Thursday, February 10, 2005

Ok I'll tip my hat now

Alright kids here is some more comentary on being a contributor to society.

And this is also where I tip my hat and, Fowler, I can owe it all to you. I was going to be all sneaky and try to mask my true feelings about improving the world but I will say that I think humans can have a great impact on the world. "Wait wait wait Andrew you can't go changing your position all willy nilly like that? I hate you!!" you might say to me. BUT WAIT! Hear me out here. If you read my argument carefully you will see that I only mention 'humans' contributing to the world and I believe that human endeavor, based soley on human motivations and human drives and human means will ultimately pass away. The temporal creates the temporal and cannot do otherwise. It's not in man's nature to be able to create change or establish anything outside himself that won't pass away.

So where does the change come? How can man be an agent of change if it's not in his nature to change? I'll tell you how! With the aid of the supernatural, i.e. God! Granted I'm taking an admittedly Christian perspective here, so if you're not under the persuasion that Christ gives meaning and purpose to all activity you may find my argument stupid. But I think that all goodness and all integrity and all positivity flows from Christ. What good we can impart on society comes from the goodness of God himself. Government (particularly a democratic one), Fowler argues, is a manmade insitution. I purport that it's a divine institution given to man by one outside of time and outside of the temporal. I think socialism is a perversion of a democratic government. Where has it succeeded? Where has it positively impacted those subjected to it? Guess what? It hasn't. Man made-communism. God breathed-democracy. I know someone out there is probably cringing at my notion, but that's my idea and I'm sticking to it.

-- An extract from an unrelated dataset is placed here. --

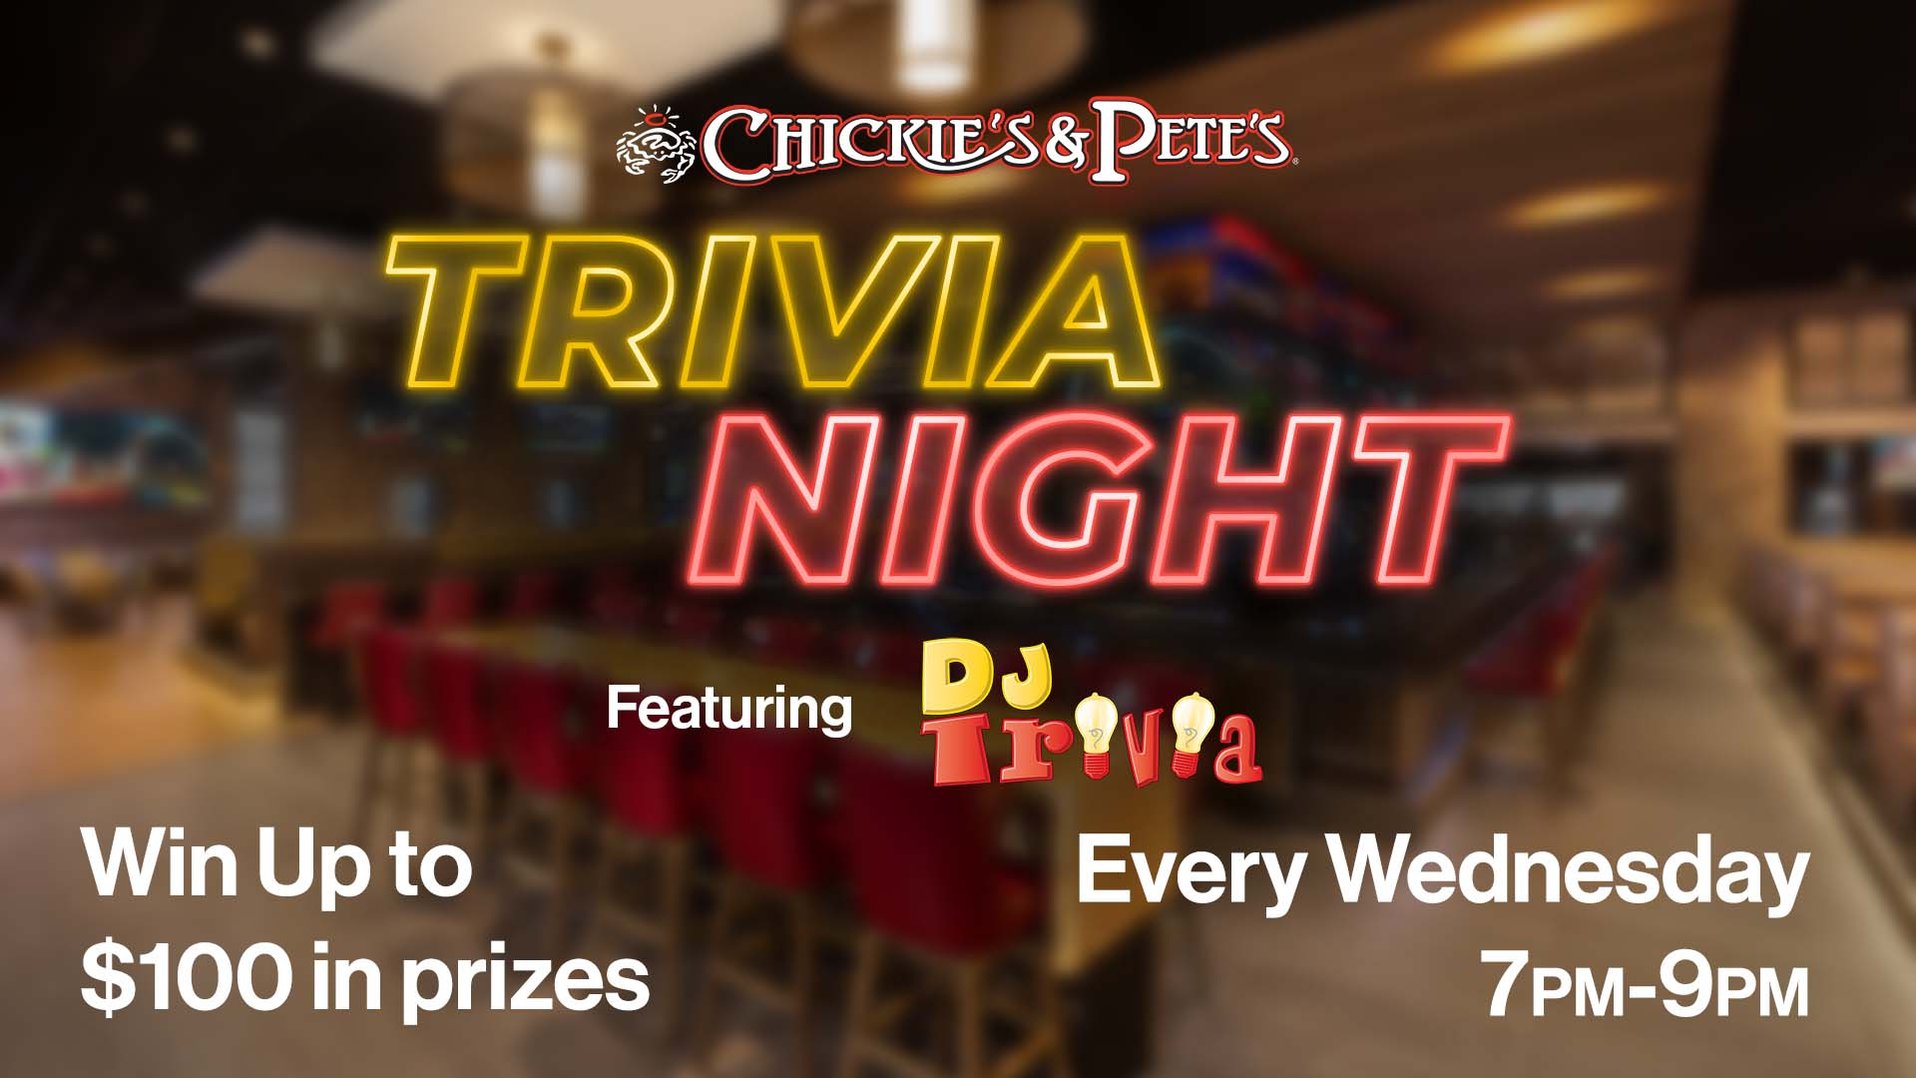 Trivia Night featuring DJ Trivia every Wednesday

Man is the vessel and all good comes from God. Even the good deeds that we do, I believe don't ultimately stem from humans but stem from God. I can't go into a diatribe right now and break down my argument to every minute point because Keith is whistling and talking loudly like a jag-off and disrupting any semblence of concentration I can muster. But the point being What man does passes away. You put man's works and a holy motivation behind it? I think that impacts people. The impact of the spiritual on the temporal produces lasting change. So if you want to go out and make a positive change in this world, do it for Christ. the witness you becomes, the lives you touch, the things you make, the instituions you establish, the papers you write will all be infused with that timeless spiritual nature that breathes into them life beyond our years and impact beyond what we can ever see with our cloudy, finite eyes. There I'm done.